Europe has taken on U.S. style risk taking? I have honestly not heard or read
this elsewhere. Can you elaborate?

------
bilbo0s
So Chanos may turn out to be wrong, but not for the reasons Friedman thinks he
is. This is probably a reasonable view.

Professor Pettis is also correct in asserting that the role of central bank
reserves is one of the most misunderstood concepts in economics. In fact,
nowadays, almost any economic concept as it relates to governments or
sovereign states are routinely misunderstood. Probably because that is
precisely the part of the economy that the average person feels they
understand so well.

For instance, many people worry, rightly by the way, about our USD1.4 Trillion
deficit. They feel qualified to comment on its implications authoritatively
since we can SORT OF understand the concept. Yet you see no publicly expressed
concern at all over the USD500 Trillion house of cards that is the derivatives
market. Very few people understand derivatives markets well enough to know the
implications of this situation. I think this causes us not to think about it
and to hope that someone else will deal with it before the bottom falls out.

Now understand that these guys are not average at all.

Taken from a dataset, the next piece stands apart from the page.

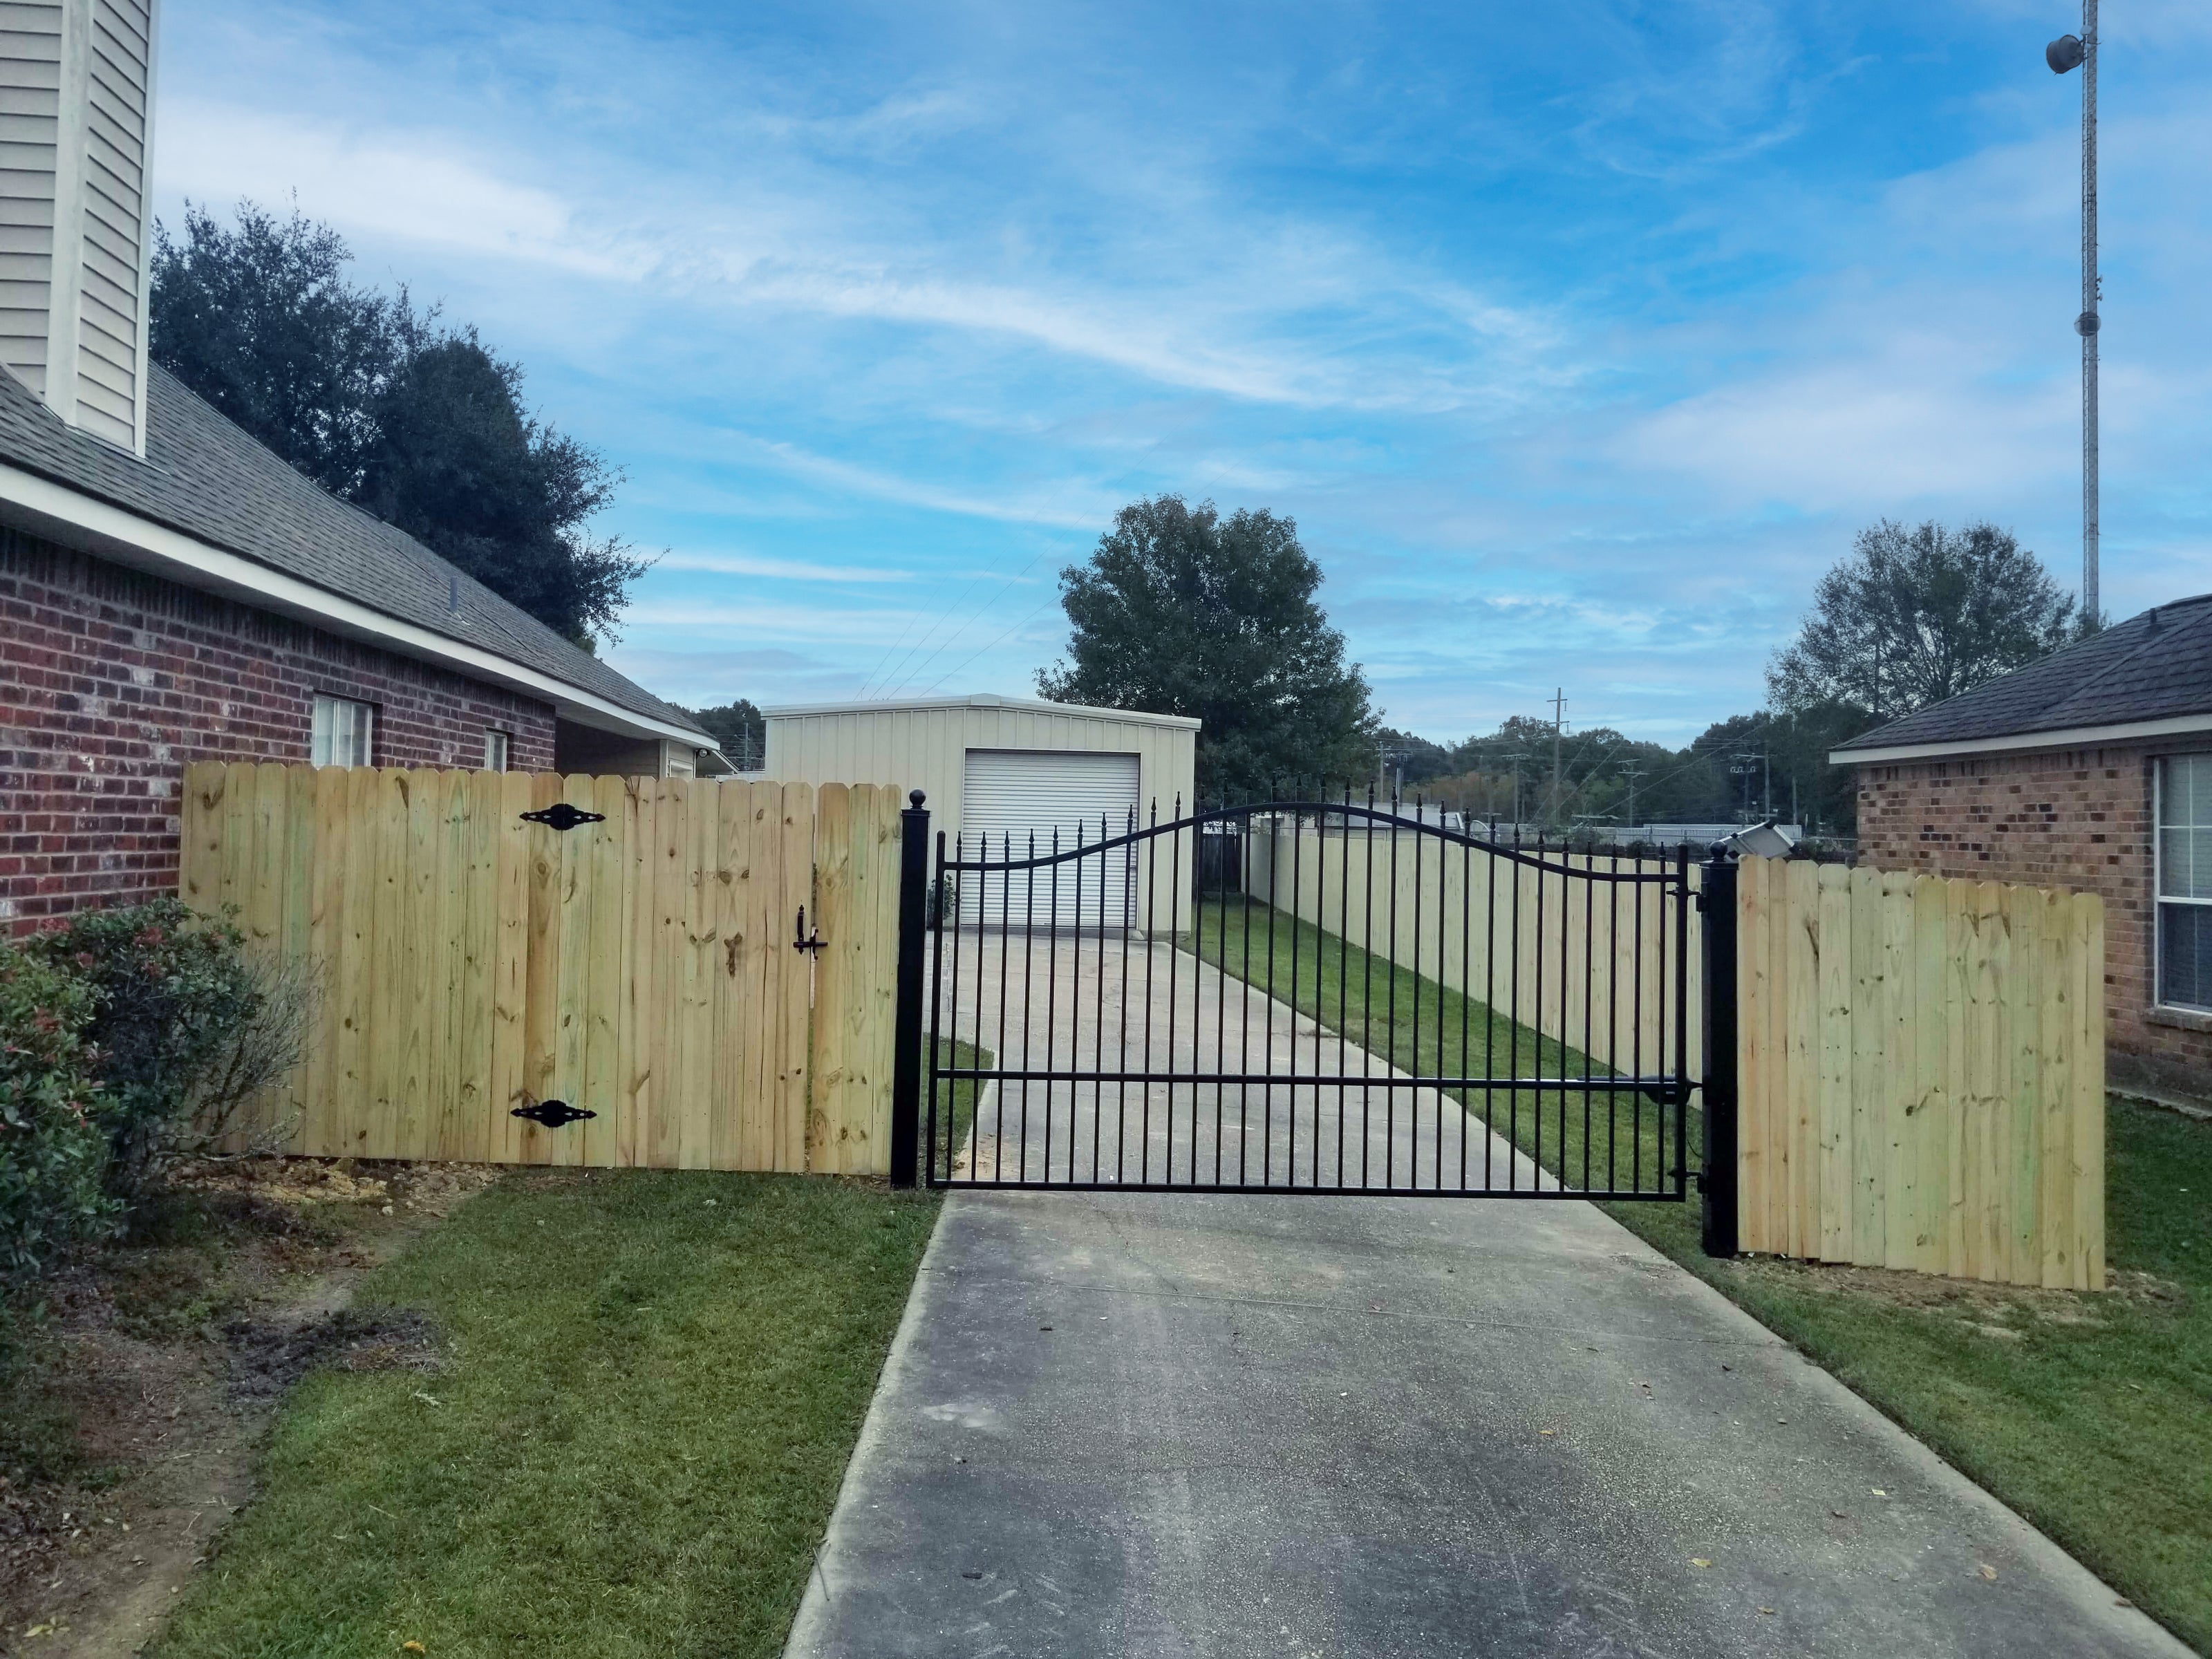 very simple black wrought iron single gate across a driveway mounted in wood fence around backyard of ranch home

I have attended Pettis'
talks and he is definitely not average. But I think the same sort of
intellectual dynamic goes on even in their circle.

------
nazgulnarsil
_This is because it is about central bank reserves, a topic that to my dismay
probably generates more confused and mistaken thinking than any other topic in
economics._

not understanding the basics of sovereign accounting is understandable. could
you make heads or tails of a companies finance if they did all their
accounting in their own stock?

------
johngalt
A good counterpoint to the title quote would also be "Never expect a good
thing to last forever".

At some point growing investments gain a momentum all their own. I.E. everyone
invests in China because of their double digit growth; and China has double
digit growth because everyone invests in them.

The problem with a compounding growth curve is that it gets so steep that it
shoots past the place where it should have found equilibrium.

------
siculars
Wow, Michael Pettis melts one particular face in specific and lays out a
historical precedent analogous to China's current horde of foreign reserves.
Without cribbing his article too much, my main takeaway is the underlying
economic imbalances at play in China that have resulted in their accumulation
of foreign reserves, particularly 2 trillion US dollars.

------
known
I hope China will invest more on its Infrastructure & Irrigation projects.

------
va_coder
If one factor - large reserves - leads to economic problems than this guy is
dead on. But it doesn't.

Economic success or failure is due to many factors.

He should have chose to argue with Jim Rogers, who has much more credibility,
than Friedman.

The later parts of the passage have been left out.